Material provided →
Segment Open
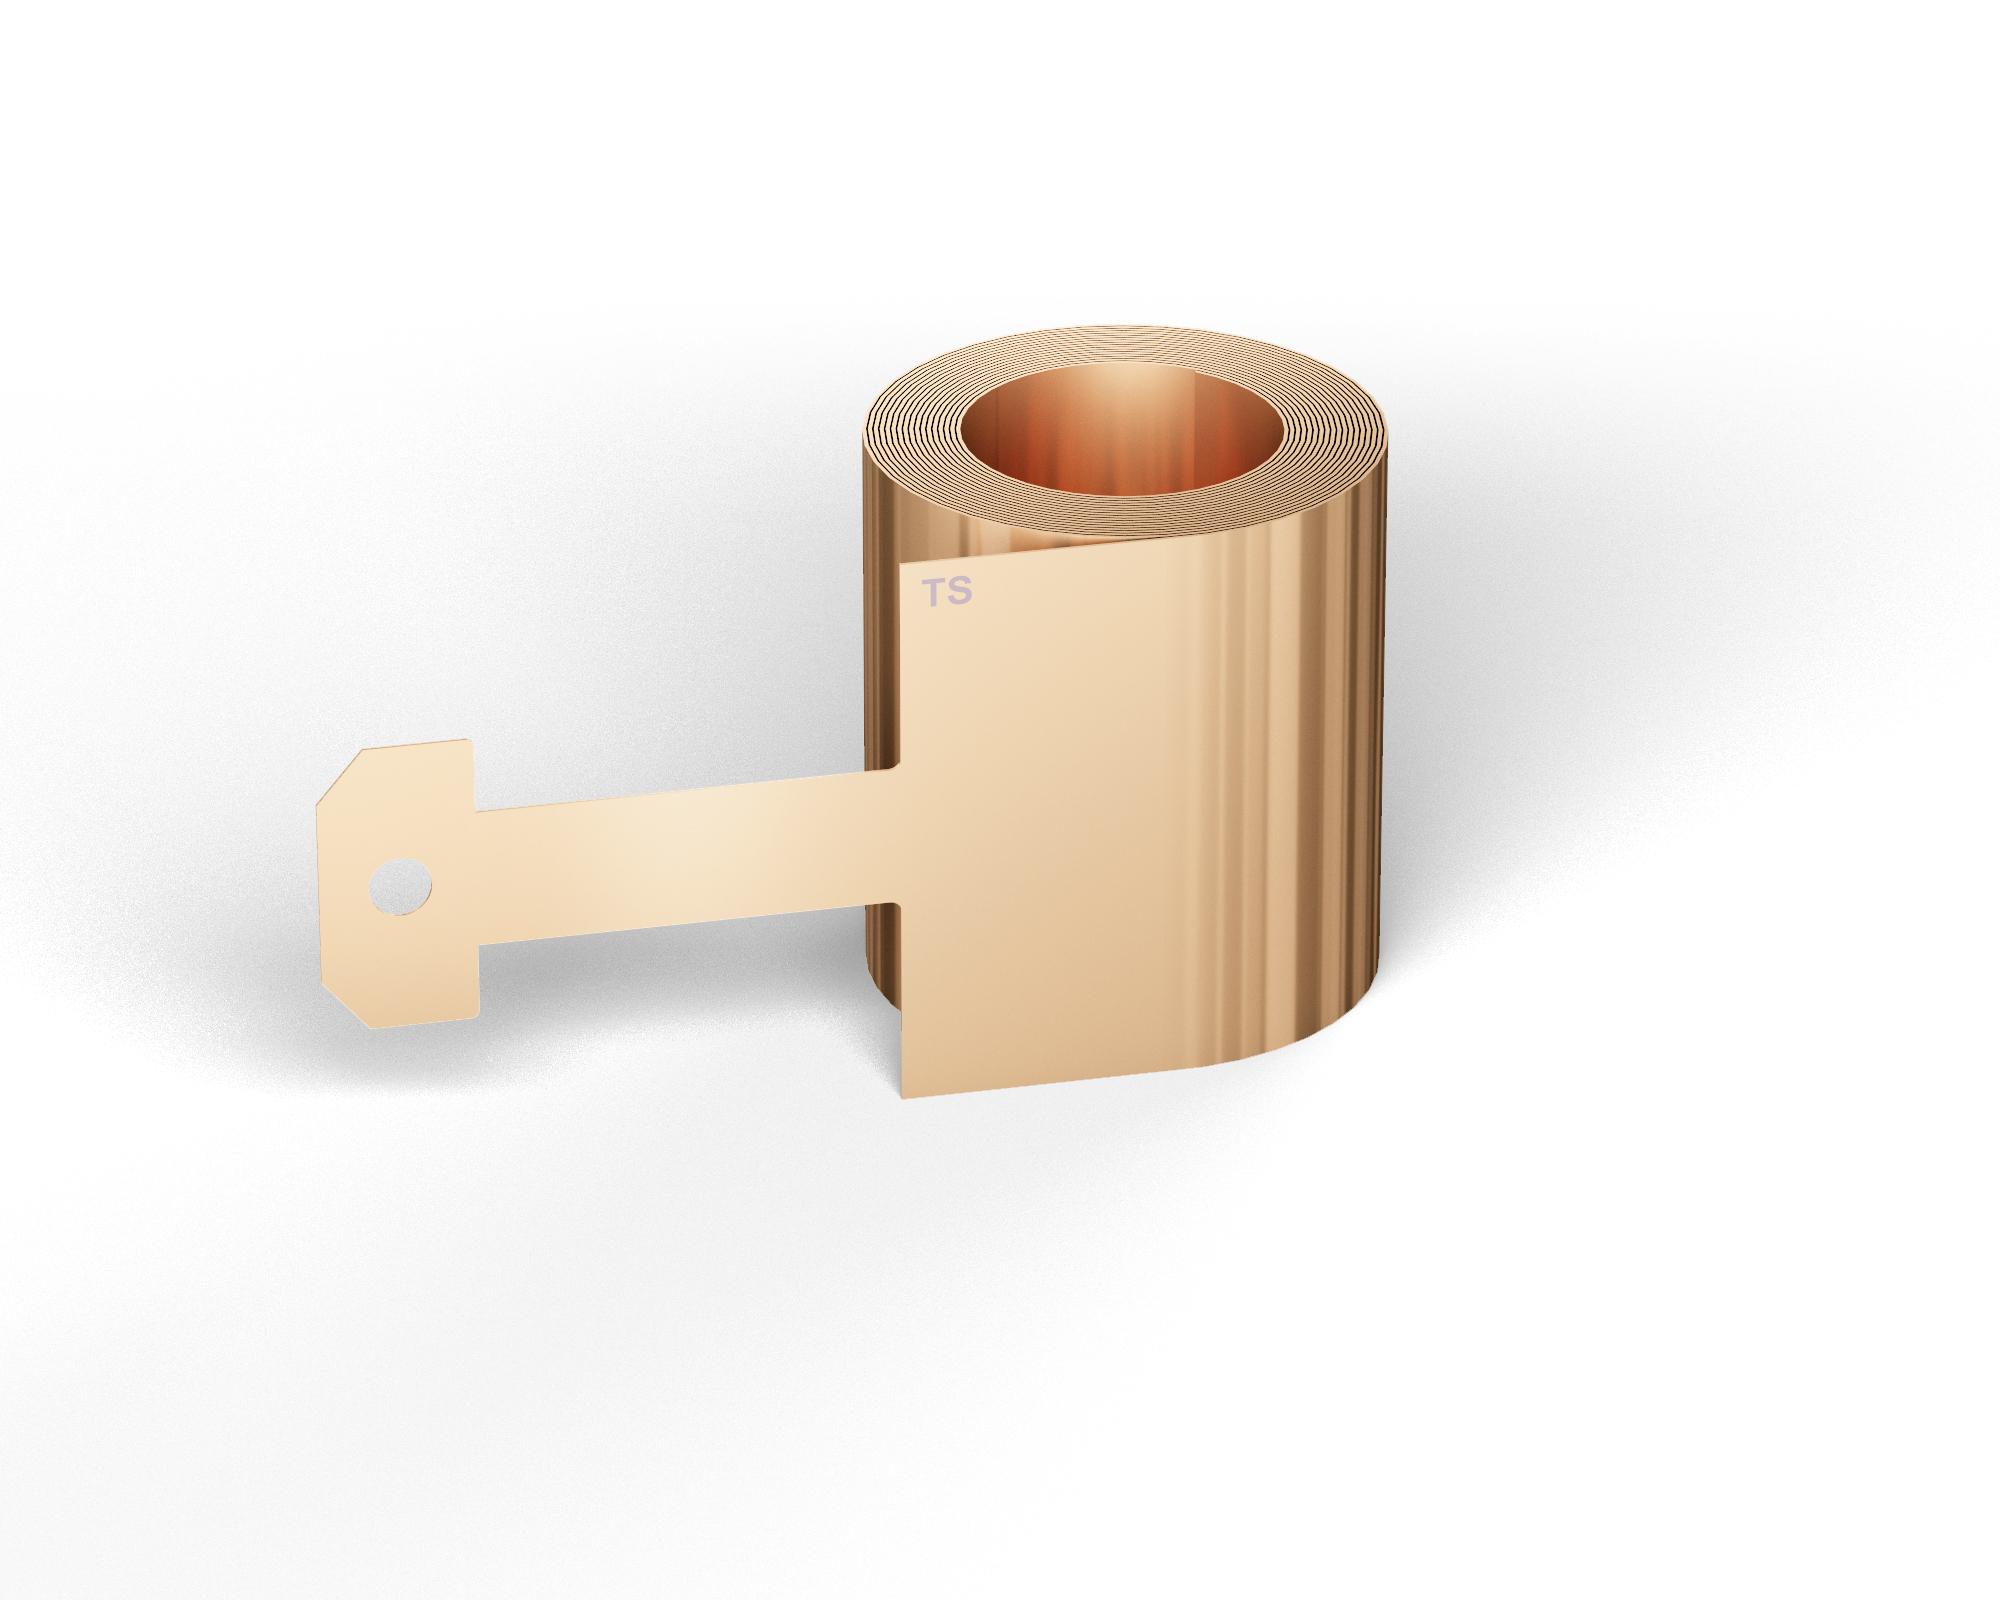 定力彈簧 - 定力彈簧、恆力彈簧、定力發條
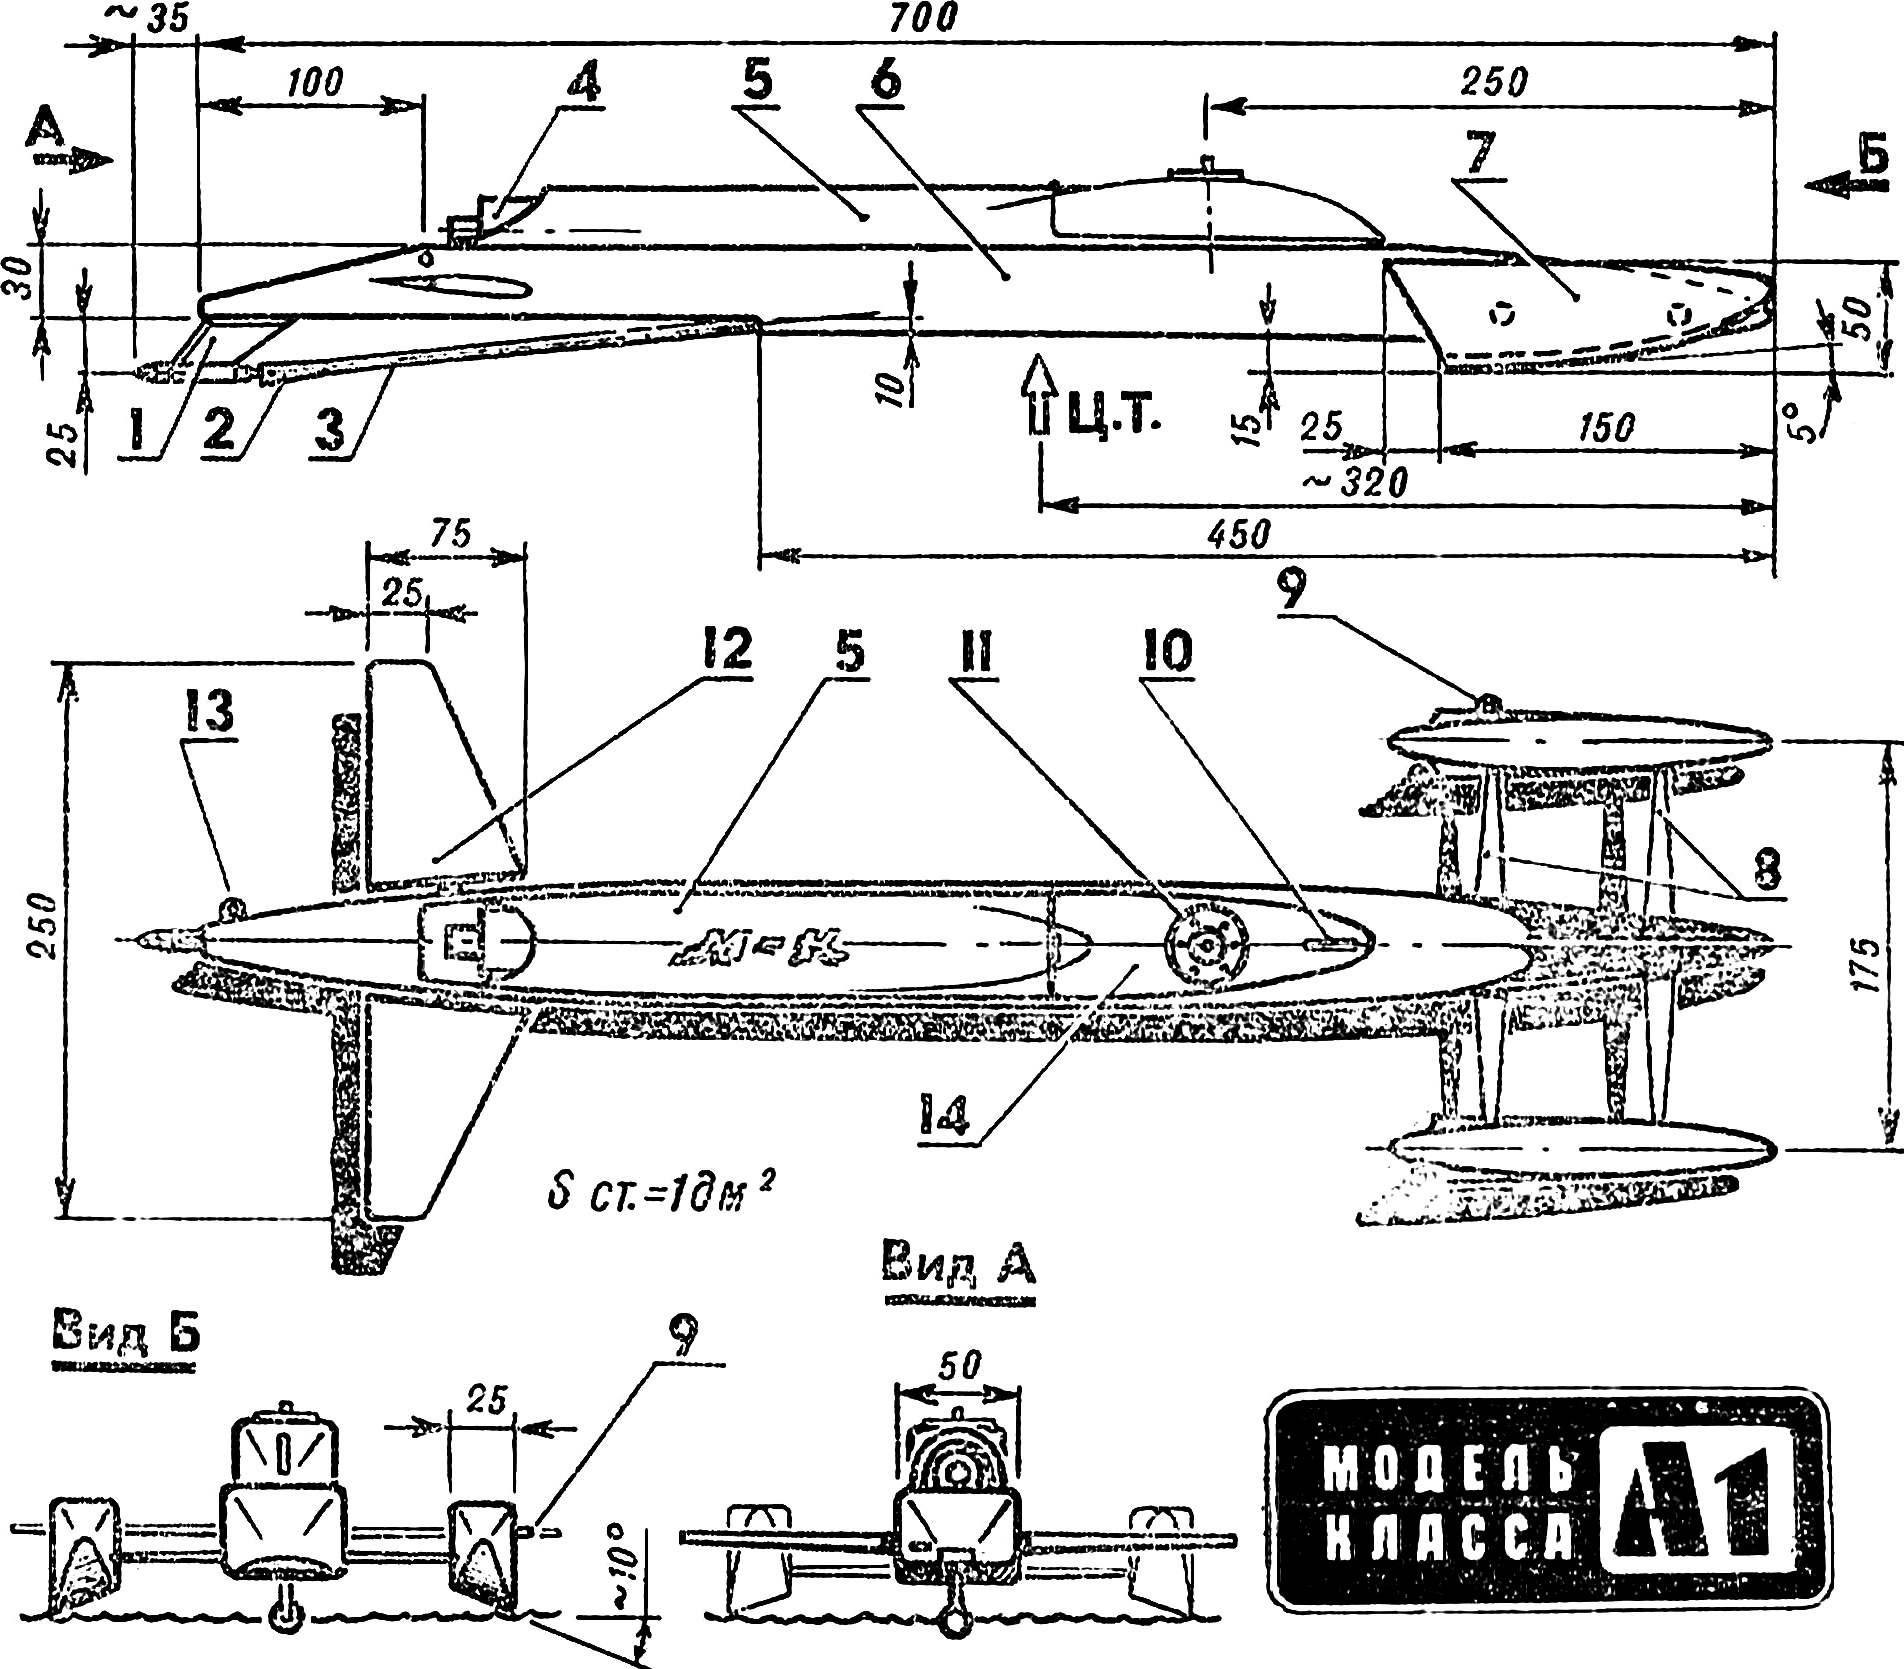 Кордовый скоростной глиссер с двигателем 2,5 см3 и гребным винтом.
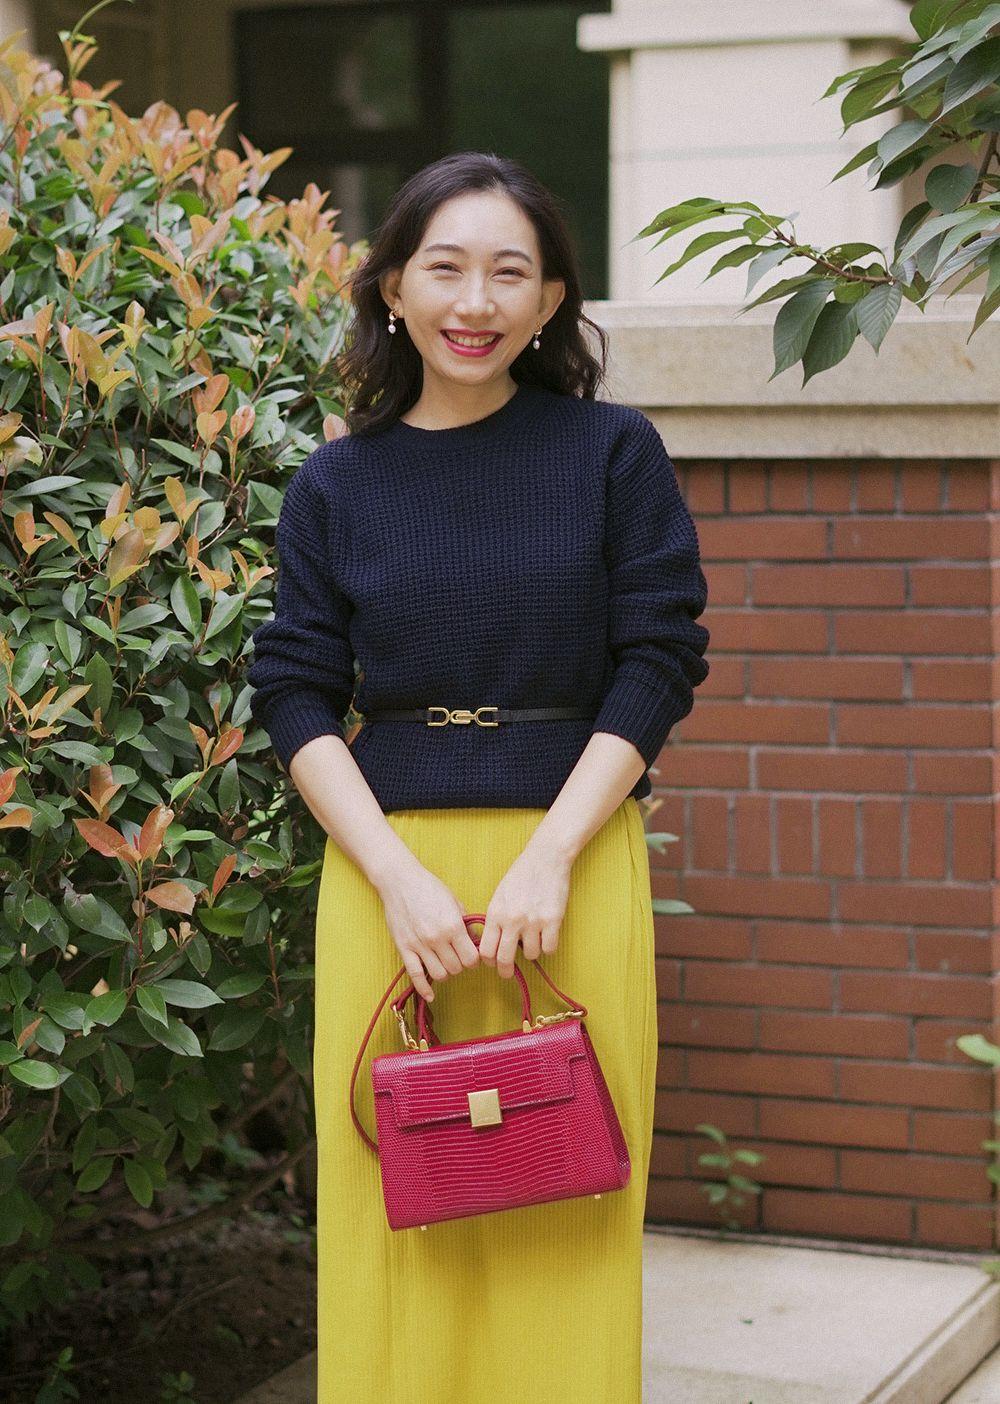 初秋气质穿搭灵感:基础款+亮色包包,吸睛又时髦
Segment Closed
What is needed →
Print the listing word for word but skip its pictures.

Solution for this exercise →
 定力彈簧 - 定力彈簧、恆力彈簧、定力發條
 Кордовый скоростной глиссер с двигателем 2,5 см3 и гребным винтом.
 初秋气质穿搭灵感:基础款+亮色包包,吸睛又时髦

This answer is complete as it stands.